Each year, however—each July—I pick each weed, every weed, that I see, on our property at least, as well as on my hikes through the woods; and I suspect that even when I am old, I will still be picking them, out of some deep and stubborn allegiance to my own perhaps arbitrary and singular concepts of integrity. And I think that it is not that I hate weeds so much as it is that I love this landscape, this incredible ecosystem, so deeply, just as it is—in the fullness of its incredibly unique diversity, ten thousand years in the making.

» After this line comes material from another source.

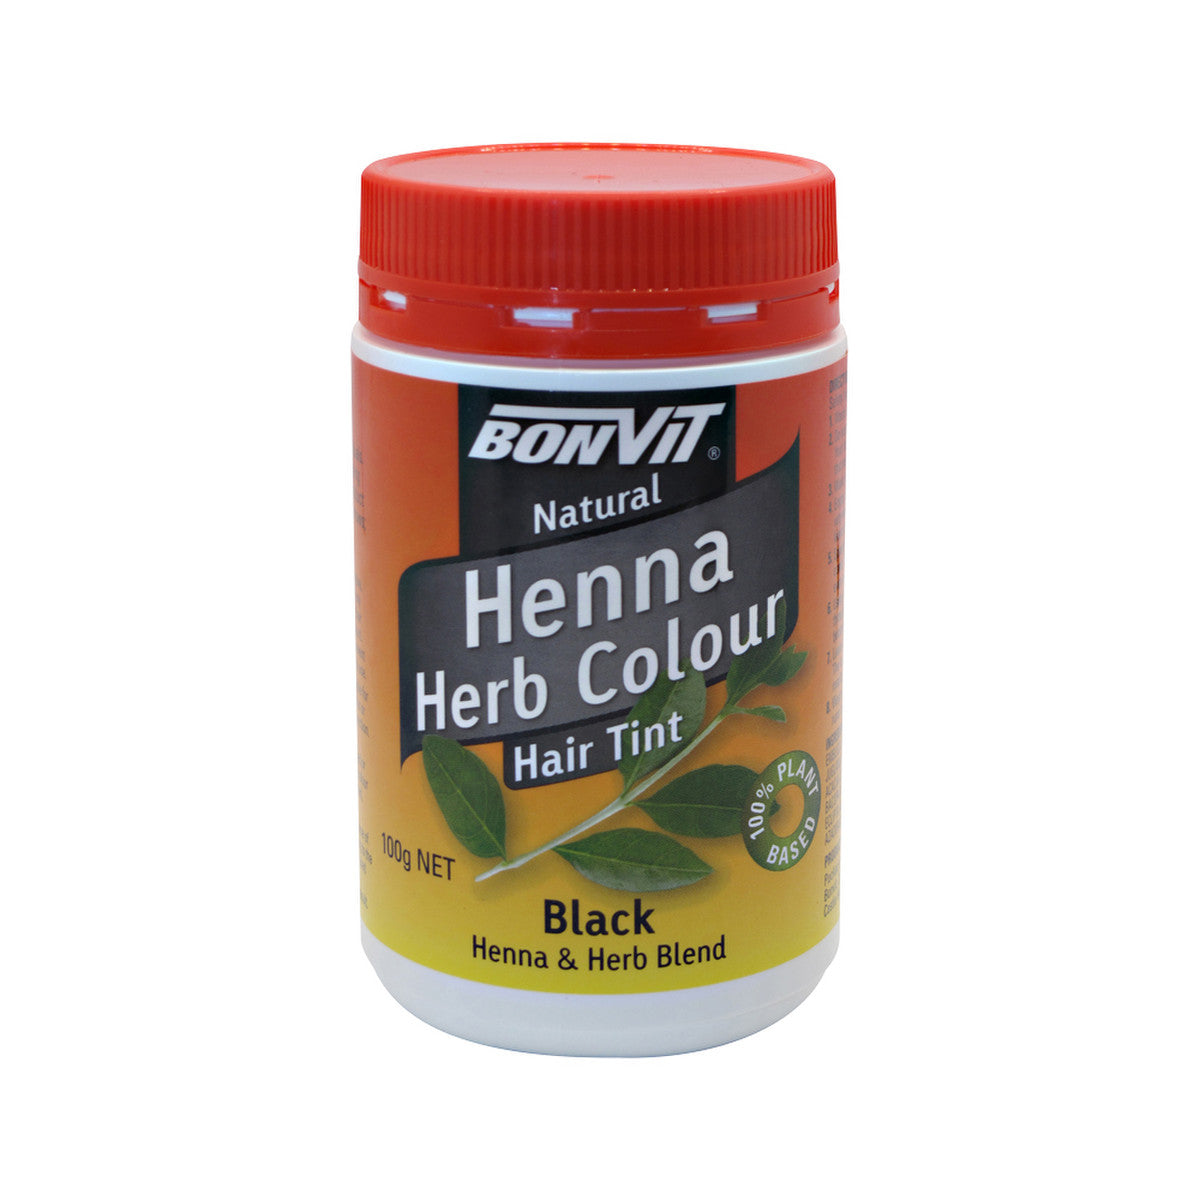 Bonvit - Henna Herb Colour Hair Tint Black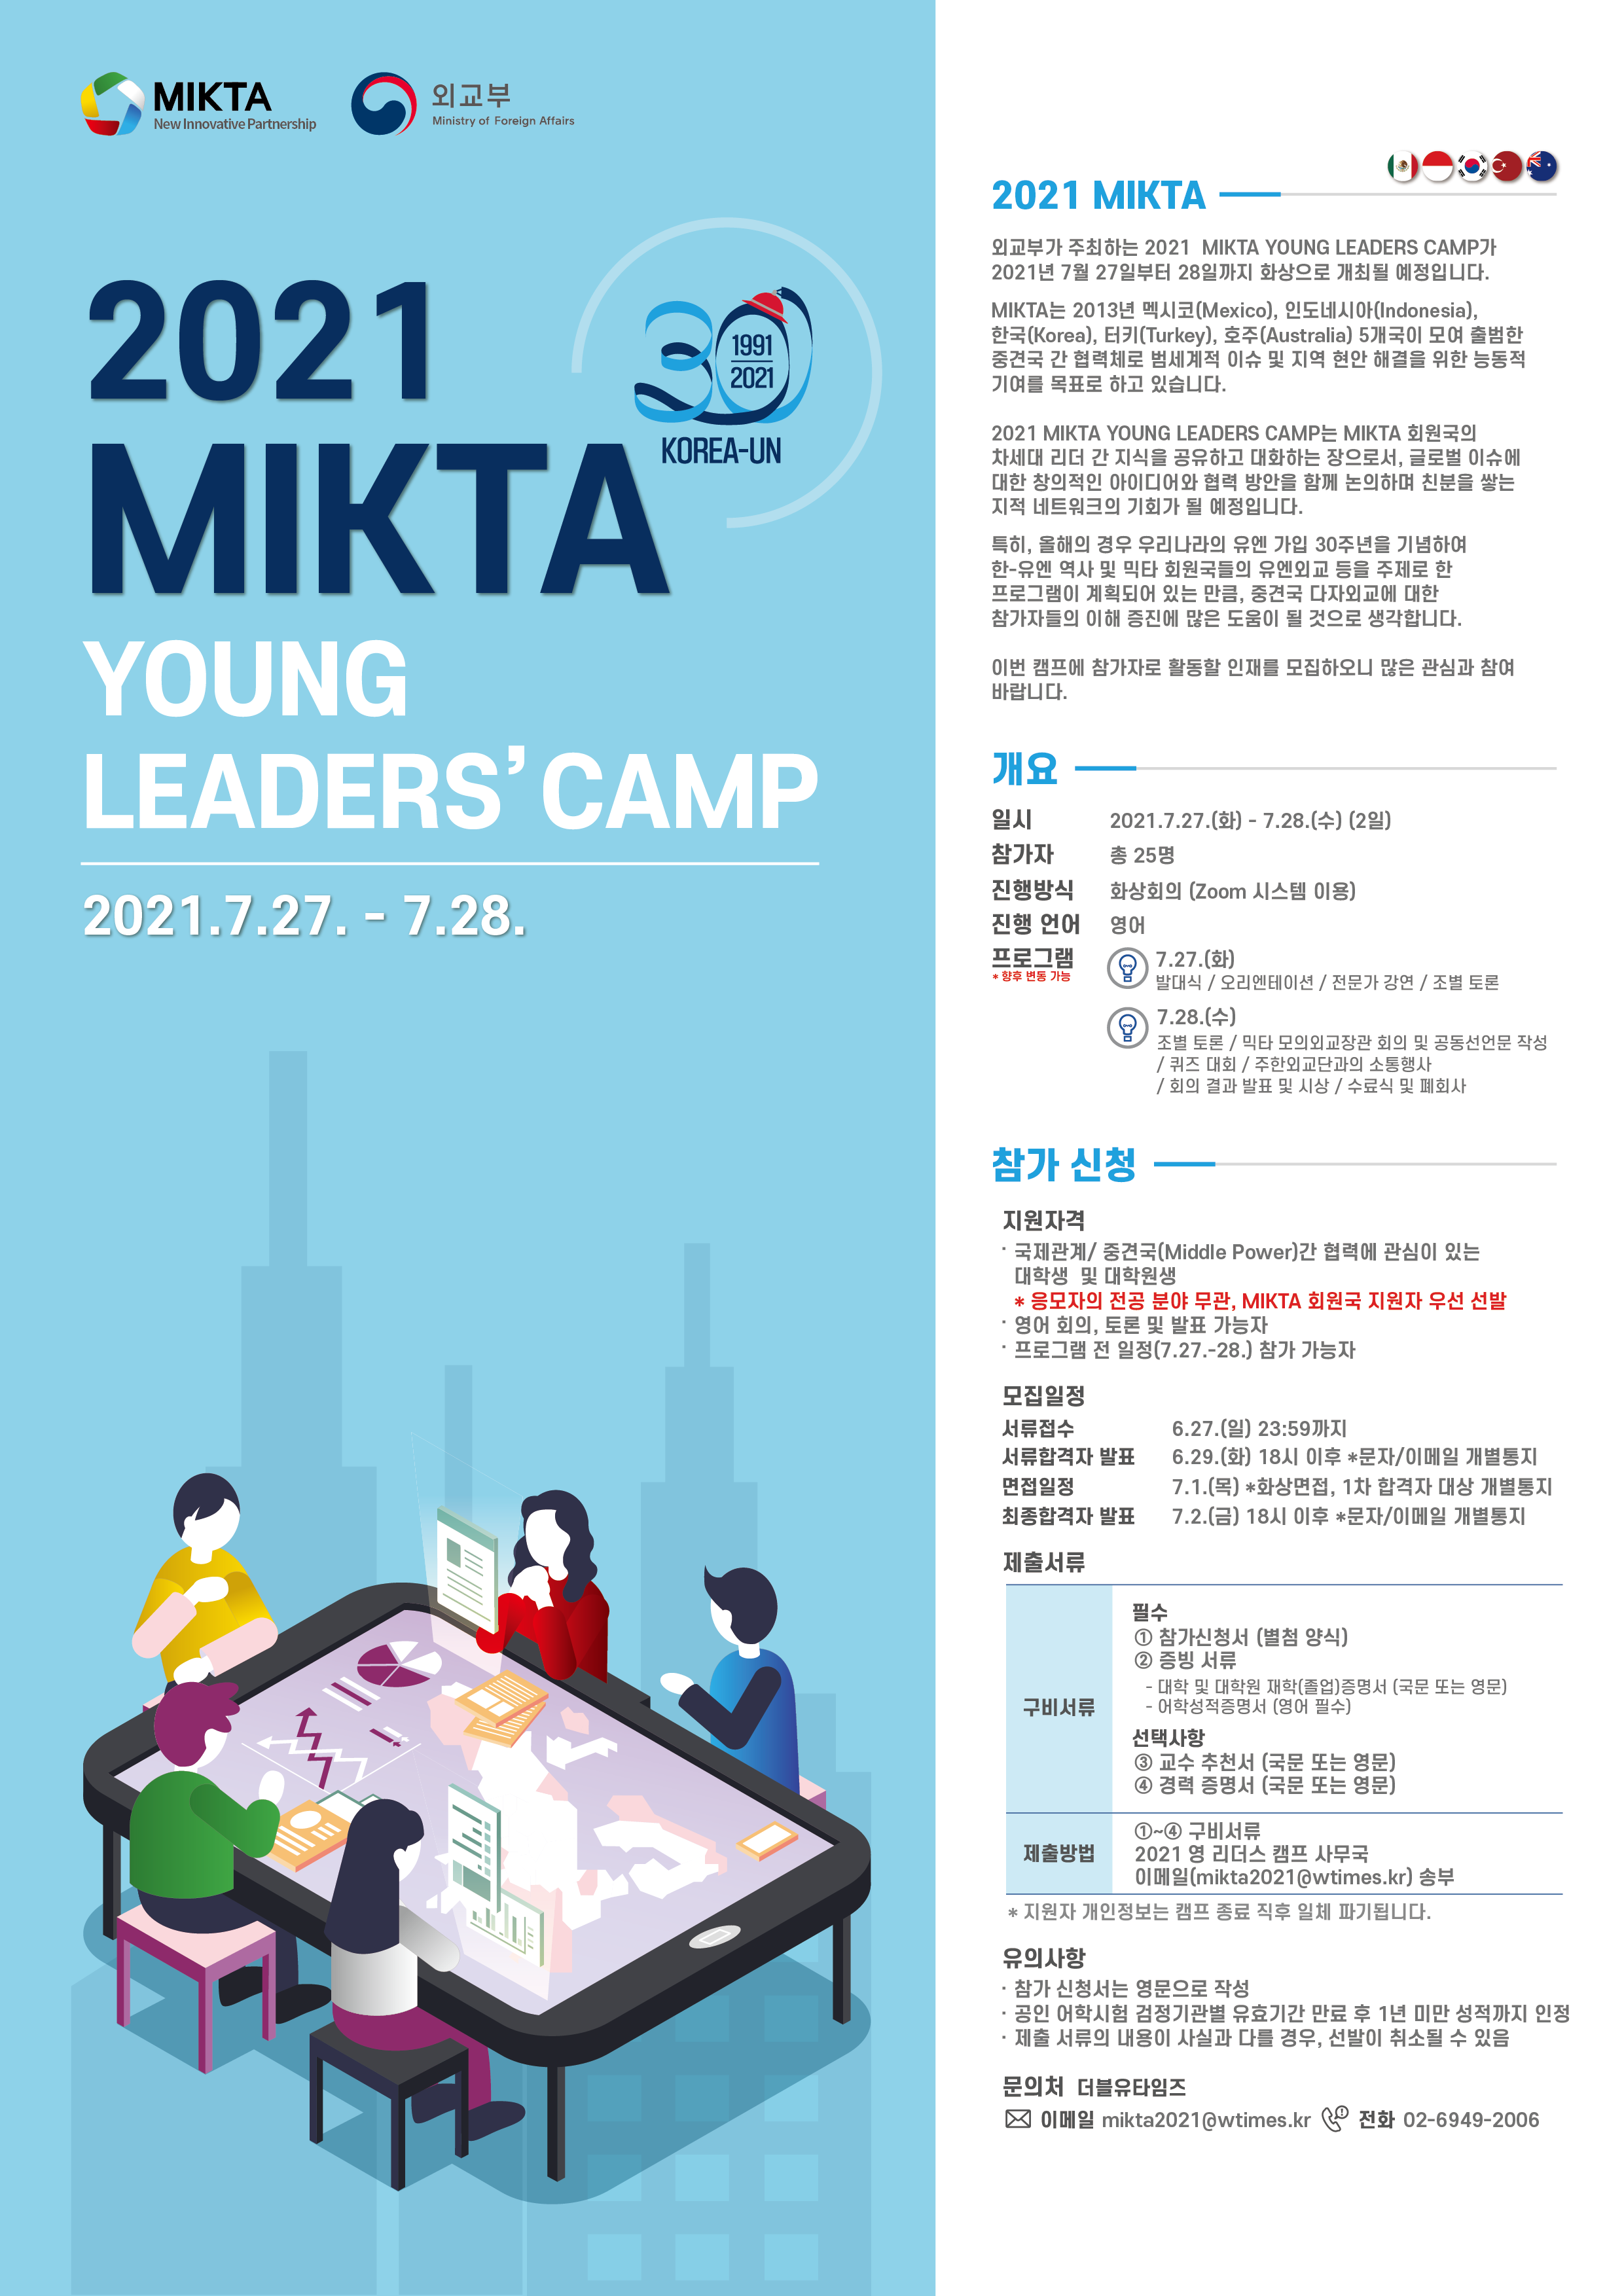 2021 믹타 영 리더스 캠프 참가자 선발 공지 - 새창 이동

What I mean to say is, even the weed pulling in July is one of the ways I relate to this landscape now, is an aspect, a component, of that relationship, so that it is not even so much a matter of whether I "win" or "lose" (I'll lose, for sure; no one can defeat time) but rather that I continue on in that relationship, according to my beliefs and values, for as long as I am able—which, I like to imagine, is for as long as I am alive.

 

July is its own month too, in addition to being a bridge between others—July is the hammock, July is a crowded West, happy people on vacation, crowded gas pumps in town, crowded gas stations, crowded trailheads—and yet July, perhaps more than any other month, seems to me also to be connected, almost like a twin, to the month that will succeed it. Or July is that way with regard to fire, at any rate. Sometimes, in a dry year, July is the month of the first fires, but usually up here it is the last month before the fires—and while it would be concise and neat to partition the twelve months into equal wedges of pie, it's hard to do that because of the incredibly primal, elemental, and dramatic force of fire (the destroyer and creator both). The coming fires are always somewhat on our minds, upon this landscape, in any month, just as those who live in farming
country are almost always aware, even if calmly, of the year's running total of precipitation, and in this regard too we are farmers of a sort, though we seek not so much to grow any certain crop as to simply receive the merciful precipitation for its own sake: the snows of winter and the rains of spring sculpting this Pacific Northwest forest, and in that lushness, that excess and rank bounty and splendor, shaping our moods, our culture, our days.